He cautiously moved the metal racking blocking his way and, with his automatic rifle held out in front of him, gently pushed the door open and peered out into the corridor. He glanced left and right and, once he was sure the way was clear, stepped out into the shadows. His footsteps echoed loudly on the linoleum floor and he soon heard muffled sounds nearby. Somewhere in the building something was reacting to his movements.

As he crept cautiously towards the staircase he had used yesterday, Cooper found himself thinking about the other troops who had been sent into town with him. If they had made it back to the bunker then he knew exactly where they’d be now - locked tight in the decontamination chamber. And how would they be feeling? Empty. Lifeless.
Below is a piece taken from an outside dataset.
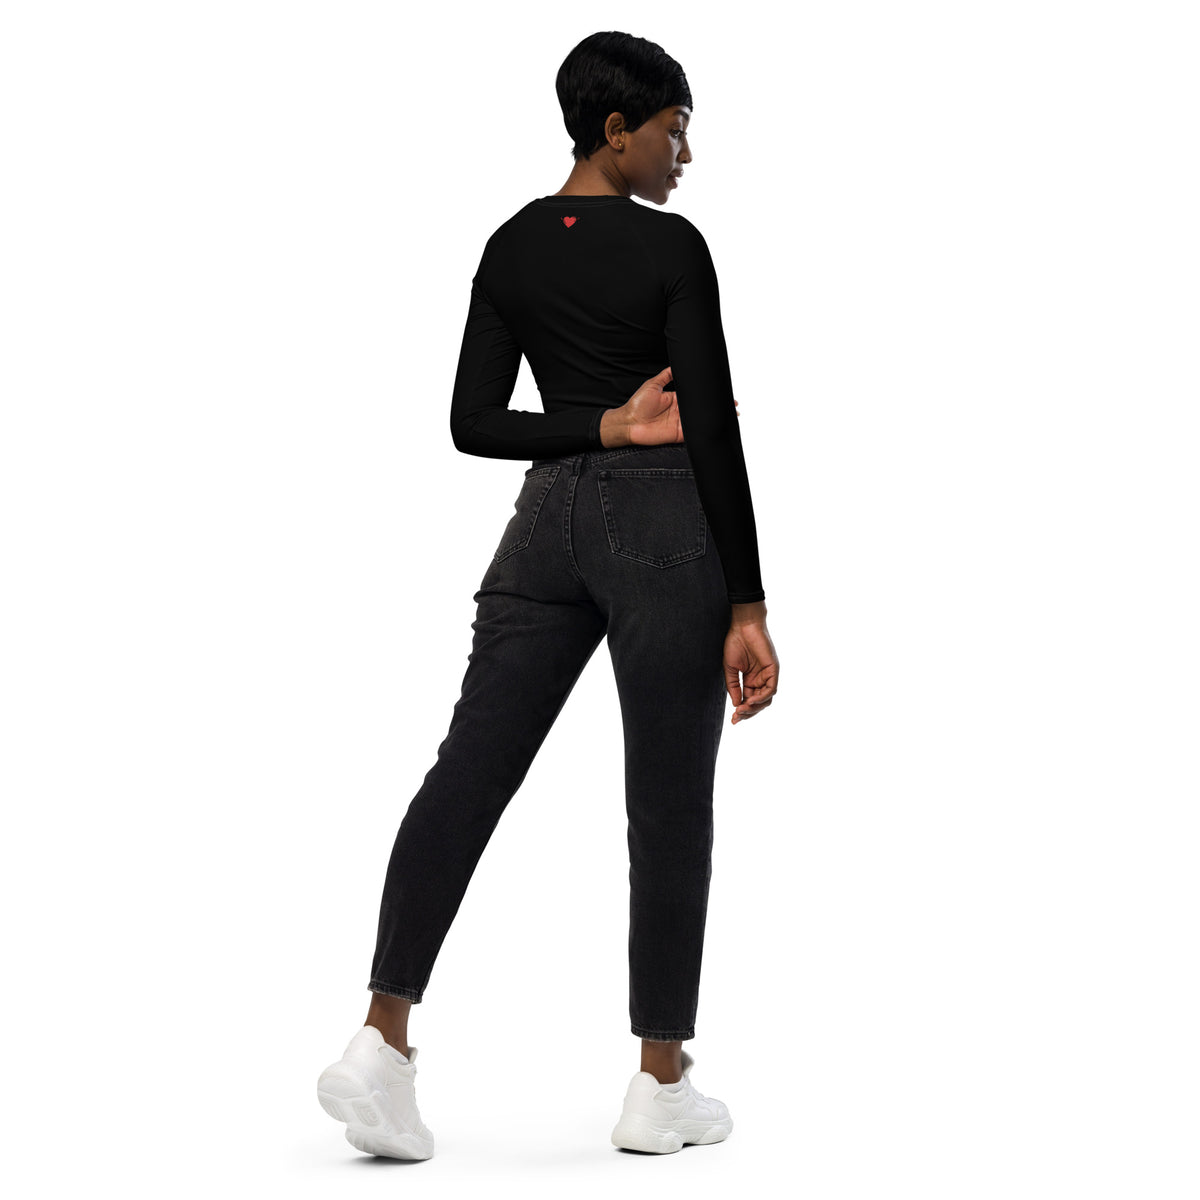 All Black Recycled Long-Sleeve Crop Top

They had seen the extent to which the world had been destroyed and they were probably more aware than anyone else of the apparent hopelessness of the situation.

He guessed that they would be locked in the chamber for at least another day before being let back into the main complex. He was sure that the hours and days which then followed would be spent being debriefed by the senior officers. And what was there to look forward to after that? Nothing. Just more of the same - more dangerous excursions beyond the safety of the underground bunker followed by more excruciatingly slow decontamination followed by more questions. And then it would begin again.

Cooper slowly made his way down the stairs, one at a time, taking care with each individual footstep to avoid making even a single unnecessary noise. As he moved towards ground level he questioned what it was the senior officers in the bunker thought they were going to achieve? As far as he could see the human race was over. Destroyed in less than half a day by a virus of unimaginable ferocity.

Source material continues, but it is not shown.